I would like to use dask to parallelize the data processing for dask cudf from Jupyter notebook on multiple GPUs.
import cudf from dask.distributed
import Client, wait, get_worker, get_client
from dask_cuda import LocalCUDACluster
import dask.dataframe as dd
import pandas as pd
import random
cluster = LocalCUDACluster(CUDA_VISIBLE_DEVICES="0,1", n_workers=2, threads_per_worker=4, memory_limit="12GB", device_memory_limit="20GB", rmm_pool_size="2GB", rmm_maximum_pool_size="10GB")
client = Client(cluster)
client.run(cudf.set_allocator, "managed")
worker_info = client.scheduler_info()["workers"]
for worker, info in worker_info.items():
print(worker)
# tcp://127.x.x.x:xxxxxx
# tcp://127.x.x.x:xxxxxx
df = pd.DataFrame({'col_1':random.sample(range(10**3), 10**3), 'col_2': random.sample(range(10**3), 10**3) })
ddf = dd.from_pandas(df, npartitions=8)
def test_f(df, col_1, col_2):
return df.assign(result=df[col_1]*df[col_2])
ddf_out = ddf.map_partitions(test_f, 'col_1', 'col_2', meta={'col_1':'int64', 'col_2':'int64', 'result':'int64'})
The code worked well. But, the GPUs utilization is 0. I expect that the 8 partitions can be distributed to the 2 GPUs, which will work on them in parallel so that the processing can be sped up.
Could anybody let me know if I missed anything ?
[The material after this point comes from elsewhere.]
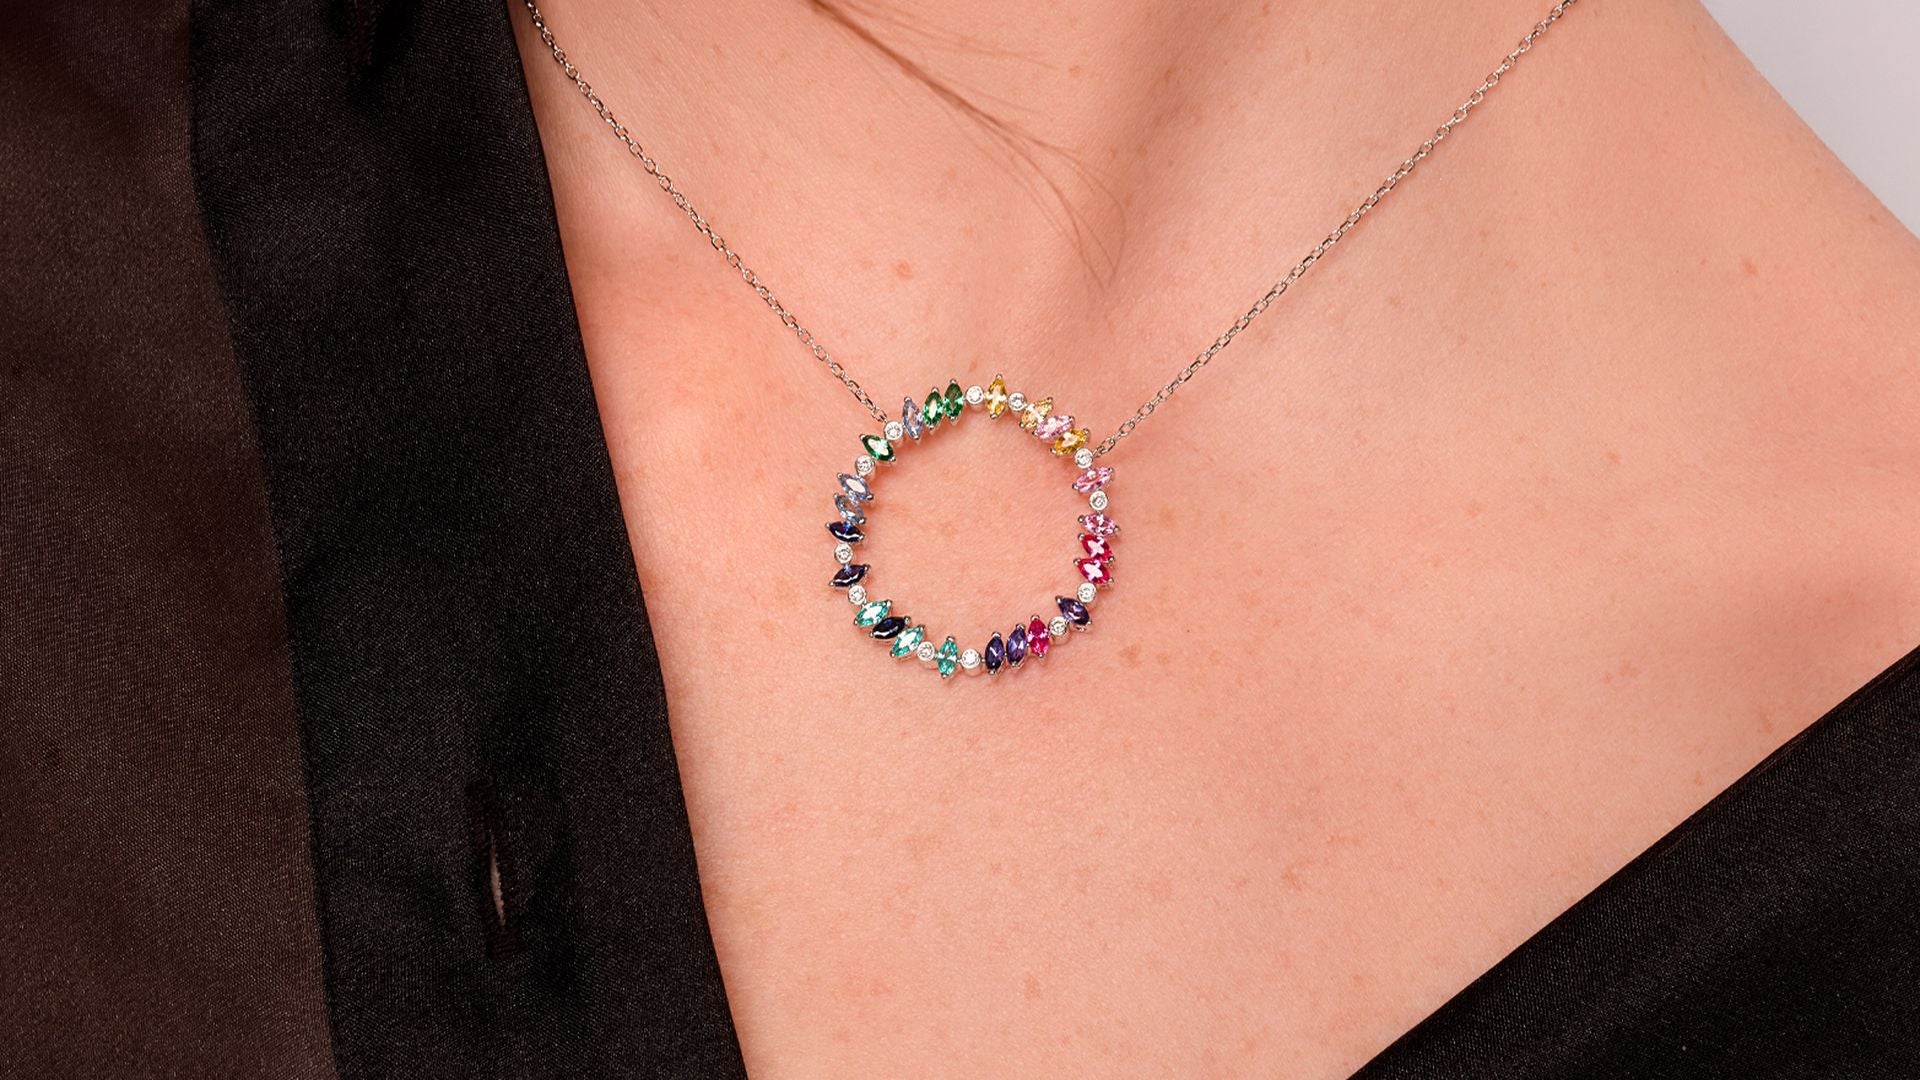 Lark & Berry unveils the Rainbow Veto Collection - A special luxury jewellery suite and symbol of hope and resilience

You are creating a dask dataframe from pandas input, resulting in partitions which are also pandas, not cuDF. You need the following
import dask_cudf
import cudf
gdf = cudf.DataFrame.from_pandas(df)
dask_gdf = dask_cudf.from_cudf(gdf, npartitions=2)
or
dask_df = ddf.map_partitions(cudf.from_pandas)
to get a partitioned dataframe on the GPU. The former allocates on the GPU immediately, the latter at compute time.
from_pandas
is very likely not what you actually want. You should instead load your data directly from CSV/parquet into the GPU (using dask).